Panel: Changes can lure IT labor

The federal government can attract muchneeded information technology professionals by posting more job opportunities electronically and by offering tuition to students in exchange for a work commitment, according to preliminary recommendations by an interagency task force. These and other recommen

The federal government can attract much-needed information technology professionals by posting more job opportunities electronically and by offering tuition to students in exchange for a work commitment, according to preliminary recommendations by an interagency task force.

These and other recommendations were unveiled by members of the task force last week at the Virtual Government '99 conference in Washington, D.C. The group is seeking comments on its recommendations from federal employees and industry and will present its final recommendations to the CIO Council next month.

The recommendations deal with what many federal managers view as one of their toughest challenges in the years ahead: how to convince prospective IT workers to enter government and stay. With the demand for workers outstripping supply, the problem has become particularly urgent - in and out of government.

But the problem has special significance within government, where much of the IT labor pool appears on the brink of retirement.

"There are a whole lot of individuals who are in the period of leaving the federal work force," said Kelly Carnes, deputy assistant secretary in the Commerce Department's Office of Technology Policy. "It will become more of a competitive challenge to refill these jobs."

Ira Hobbs, deputy CIO at the Agriculture Department, said the government has to fight its prevailing image as a staid bureaucracy if it is to attract the kind of IT workers it needs. That would entail an effort to move away from its paper-based method of recruitment to increased use of the Internet.

"We are still recruiting the way we did five or 10 years ago," Hobbs said. "The folks we are talking about use computers, and that is how they get information. If we are posting [job opportunities] in the service and personnel offices, we are not going to reach them."

Hobbs cited the Internal Revenue Service's World Wide Web site, which features advertisements for employment opportunities, as an example of a tool that should be used throughout government. The IRS site allows prospective employees to submit their resumes electronically.

Joan Steyaert, deputy associate administrator in the General Services Administration's Office of Information Technology Policy, said the task force is considering a recommendation to start "an ROTC IT program" that would help students with tuition in exchange for a commitment to work for the government for up to five years. "If we are really to be competitive, we have to expand our activities of reaching out to universities," Steyaert said.

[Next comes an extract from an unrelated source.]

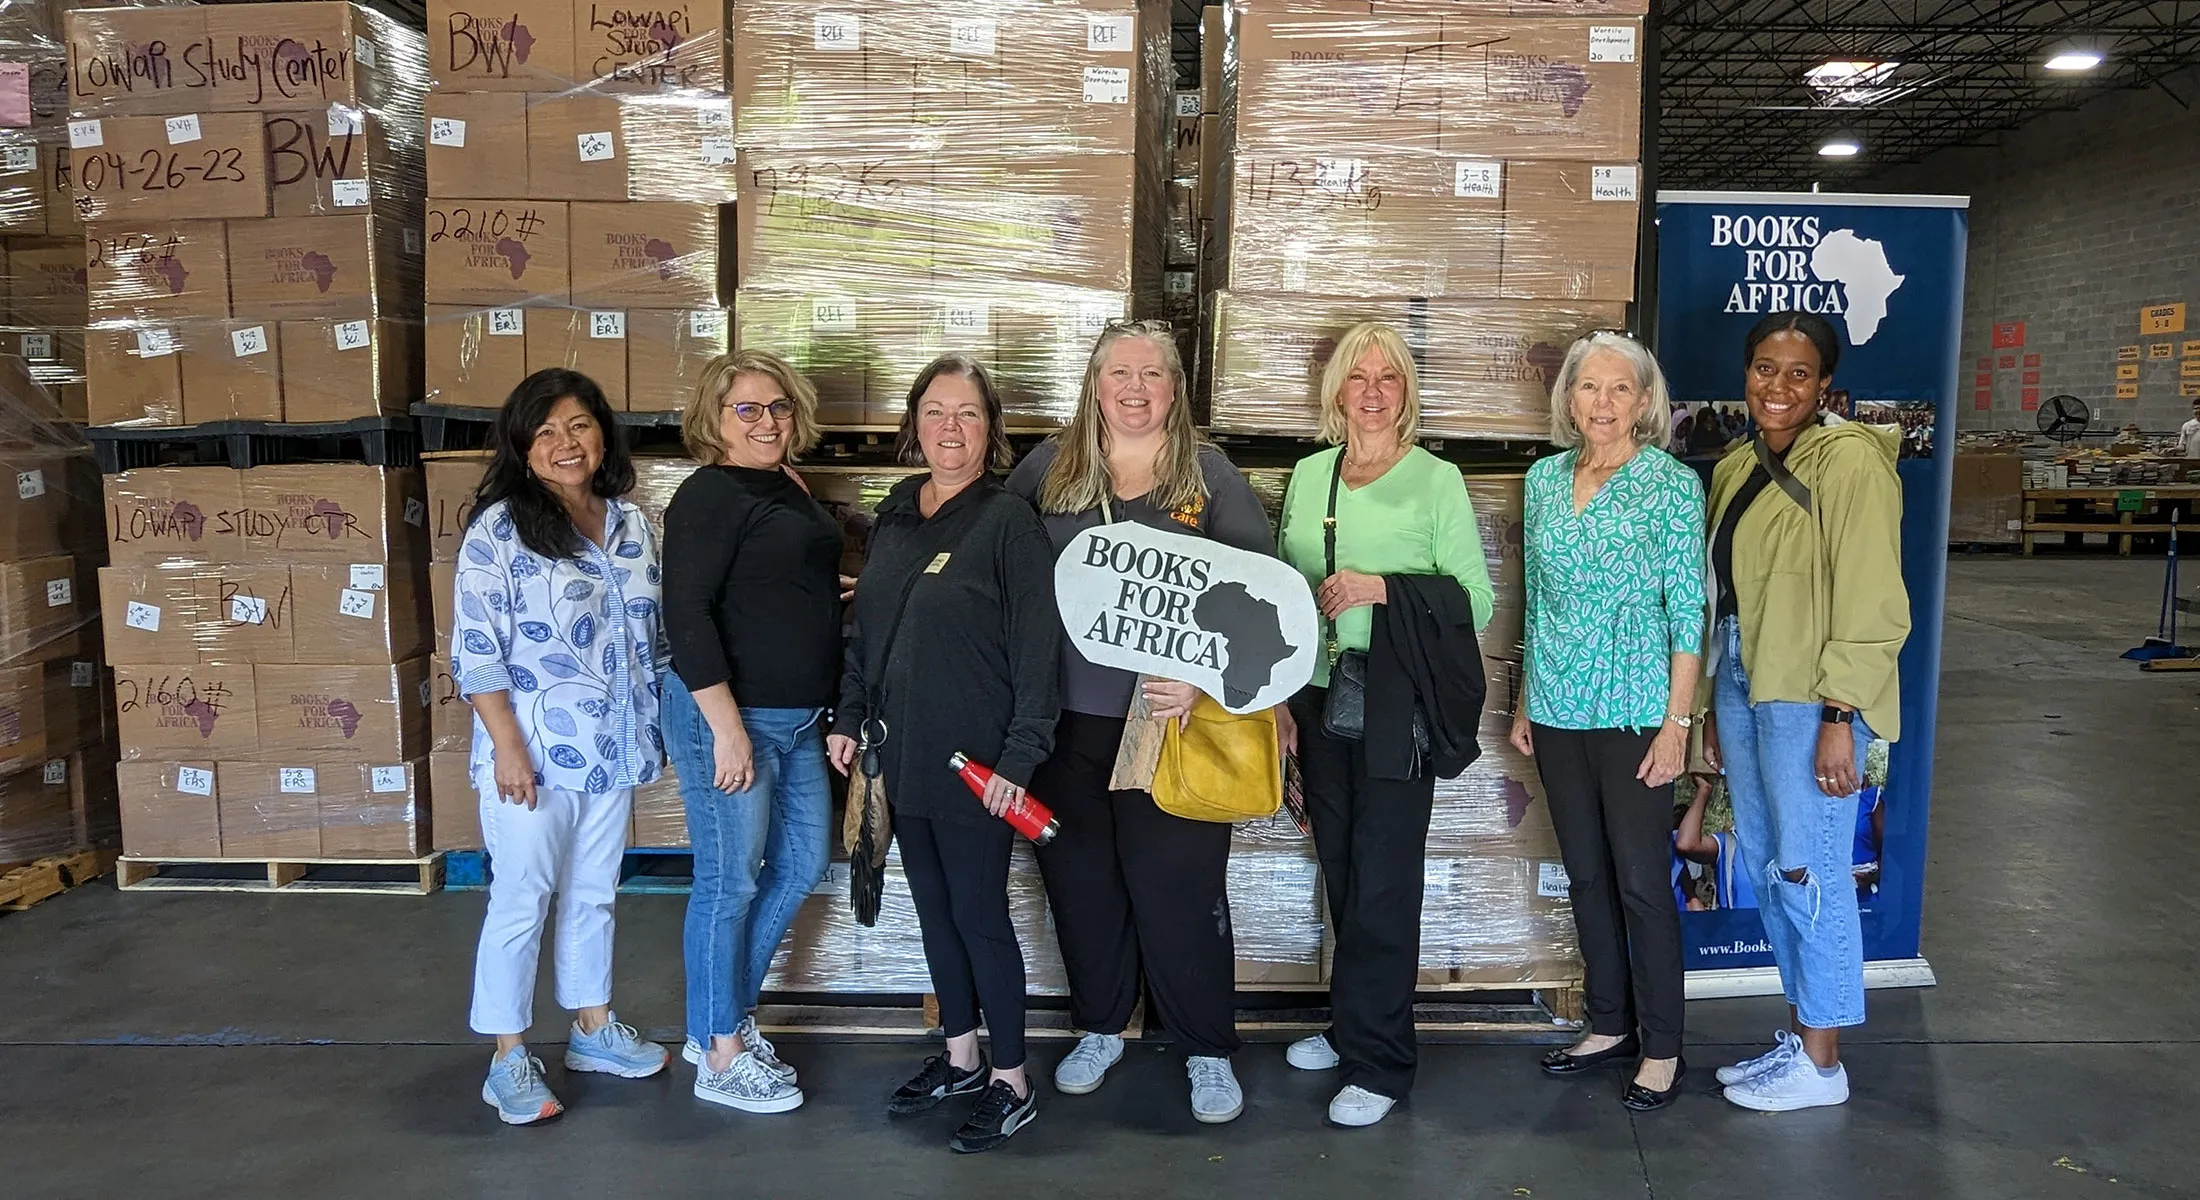 CARE staff and network members posing in front of large stacks of books to be donated abroad.

John Putzier, president of FirStep Inc., a performance improvement training firm in Prospect, Pa., said tuition-exchange programs are not that effective. "It's not addressing the real issue," he said. "The real issue is why would anybody want to work there, not why would anybody have to work there.... Who wants employees who are shackled to the place?"

Hobbs said the group also will recommend that the government offer lump sum recruitment and retention bonuses and use "pay banding" to allow agencies to offer a wider range of salaries for specific jobs. He said the government also should emphasize its generous benefits.

But electronic posting and tuition plans may not help the government attract IT workers as well as a good marketing campaign will, according to Putzier. "Posting jobs electronically would help because you're getting your job out to more people," Putzier said. "But all that does is get you in line with everybody else."

Marketing federal benefits is a good idea, said Putzier, who also heads a special high-technology issues group at the Society for Human Resource Management. "Microsoft doesn't pay as well as its competitors do, but it's a neat place to work," he said. "[The federal government] has a terrific benefits plan. Their benefits are better than anybody else's in industry."

Federal agencies also should highlight the uniqueness of their missions, Putzier said. "Give [IT recruits] a sense of purpose - that they are not just data entry people, that they are affecting the world in some way," he said.

Steyaert said the government also has trouble retaining employees at the middle and executive levels. To help retain mid-level employees, Steyaert said the task force plans to recommend the government set up a "gateway of gateways" that would serve as a centralized site for training in areas for IT specialties. She said the Labor Department's "America's Learning eXchange" and Commerce's "go for IT!" Web sites could serve as models.

Hobbs said agencies should consider federal employees who are not currently working in IT as well as targeting women, minorities and people with disabilities. For executive-level jobs, Steyaert suggested that government and industry could rotate jobs to expand employees' knowledge.